By PlanetLaundry staff | Dec 27, 2010

The retail real estate industry should face another slow growth year in 2011, though the pace of store openings will gradually improve throughout the coming months, industry insiders predict.
Given the brisk pace of holiday sales and availability of vacant storefronts at affordable rents, retailers with cash in their coffers will step up expansion announcements in 2011, said John Bemis, executive vice president and director of leasing and development with Jones Lang LaSalle Retail, an Atlanta-based third party property manager. In 2009 and 2010, store openings decreased slightly year-over-year for the U.S. retail sector overall, he noted. But starting next year, many discretionary retailers will finally be in a position to open new stores.
Overall, U.S. retailers plan to open more than 65,000 new stores in the next two years, according to research by Retail Lease Trac and RBC Capital Markets. The Retail Lease Trac and RBC numbers are based on a database of 2,000 retailers (although it excludes some larger chains like Wal-Mart and Target).
That means in 2011, retailers will open approximately 35,000 new stores, estimates Rich Moore, an analyst with RBC Capital Markets who helps compile the report. Michael Wiener, president and CEO of Excess Space Retail Services Inc., a real estate disposition and lease restructuring firm, expects retailers to expand as well, but not as quickly. Weiner said retailers are likely to expand gradually, with about 20,000 new stores in 2011 and another 40,000 to 50,000 in 2012.
“I think people are just getting back into the marketplace and trying to understand what kinds of deals they can get,” Wiener said. “We still think things will be on a very slow upswing, but we do think that there will hopefully be at a minimum a slow and steady recovery in retail.”
Store Closure Projections
At the same time, Wiener expects that next year retailers will continue to shutter stores at roughly the same pace as in 2010, or that store closings will decrease only slightly year-over-year. Through the third quarter of 2010, retailers closed approximately 4,680 stores, according to ICSC statistics. That puts the industry on pace to surpass 2009’s total of 4,811, but finish below the 2008 peak of 6,913 closings.
The figure for 2010, however, should come in below predictions offered at the beginning of the year, when many in the retail industry thought retailers might close up to 8,000 stores this year.
Even if store closures remain at the same level in 2011 as this year, it could still be a positive trend for retailers, noted Andy Graiser, co-president of DJM Realty, a Gordon Brothers Group company that specializes in strategic real estate solutions, dispositions and valuations.
Most of the closings will likely involve underperforming stores that have failed to meet retailers’ return hurdles and so dropping them will contribute to the companies’ financial health. In addition, some retailers might shutter new concept divisions that haven’t performed to expectations, returning instead to their core brands.
“I don’t see chains closing down, I just think you will see a lot more pruning,” Graiser said. “Pruning is helpful because companies are being disciplined on what their hurdle rates need to be and that makes them much healthier and stronger.”
Graiser predicts that store closings in 2011 will total about the same as in 2010. Bemis, on the other hand, thinks closings might return to 2005 levels, when the industry closed 4,269 stores.
Path to Recovery?
There is greater consensus around the notion that the recovery in the leasing market will be a slow, labored one, with retailers no longer beholden to the whims of Wall Street. Instead, even publicly traded chains will open only as many locations as they consider prudent for their bottom line, only in those centers they feel they can afford.

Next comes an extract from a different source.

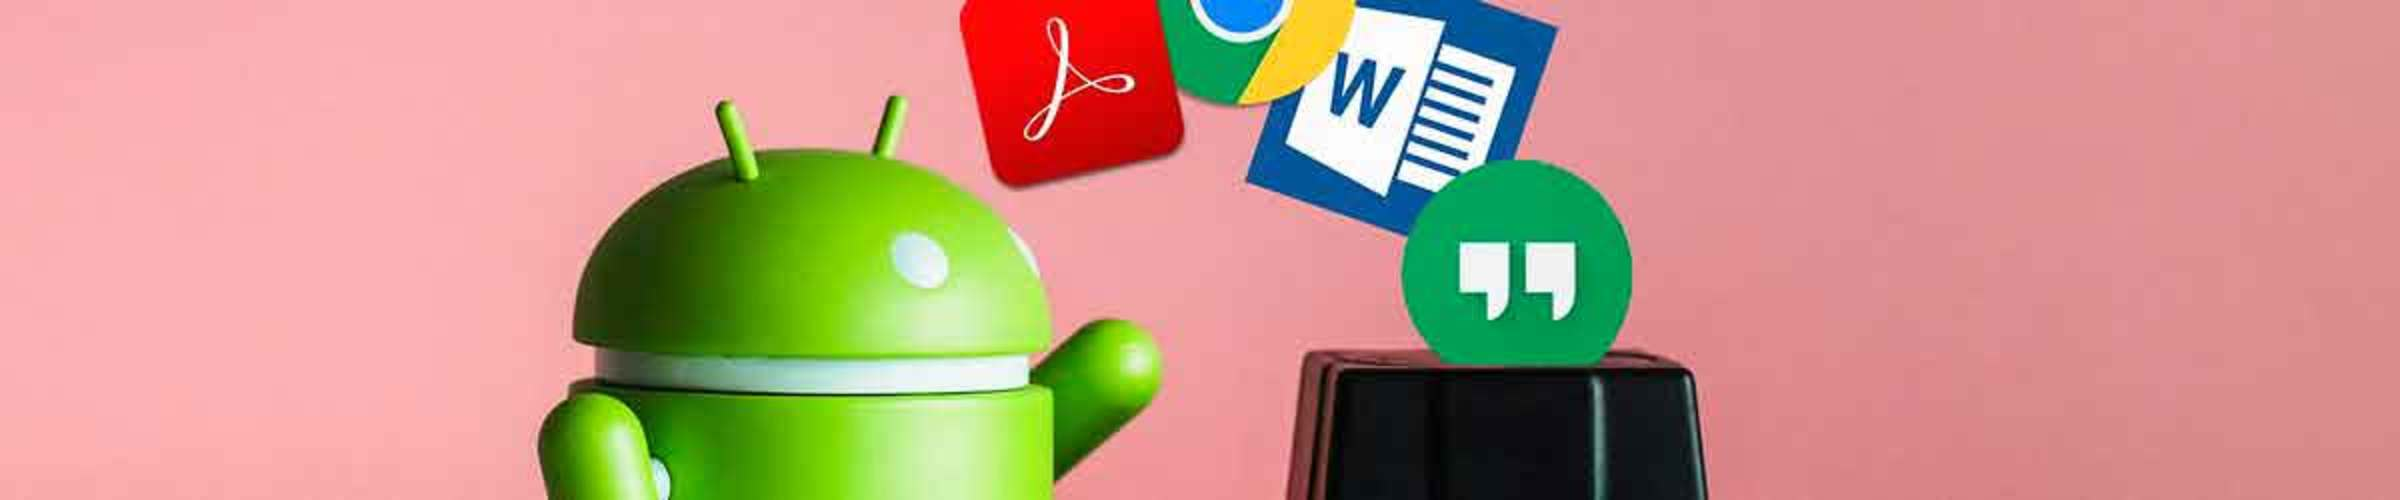 5 программ, которые необходимо удалить прямо сейчас. Android

“There is a general feeling that the market has stabilized, but the recovery is going to drag on for a reasonable amount of time,” said Matthew Bordwin, principal and managing member of Keen Consultants, a Melville, N.Y.-based real estate consulting and restructuring firm. “Most retailers don’t have significant store opening plans and those that do are being very conservative. And so there still remains a large amount of empty space on the market and few retailers that are expanding at a meaningful pace.”
Source: Retail Traffic
To post comments, Register OR Login
1 Comments | See all comments | Info/Rules
Dan McAllister named vice president of business development
Pew Hispanic Center: Immigration on the brink of historic reversal
Rate falls to 4.9 percent in first quarter
How to get the money you need for your first store
How to survive – and thrive – in today’s fast-paced, impossible-to-predict business world
Home | News/Features | The Journal | Community | Multimedia | Bulletin Board | Blog | Buyers Guide | Classifieds | Event Calendar | Advertise
© 2009 Coin Laundry Association | Privacy | Top Navigation | Sitemap | Member Login | Contact
A rise has been noted in national home sales, however housing costs are nevertheless trending downward. Loan providers have to be pleased with more people trying to purchase a home. However, there's a slight caveat. It's possible that sales are only increasing due to the low costs.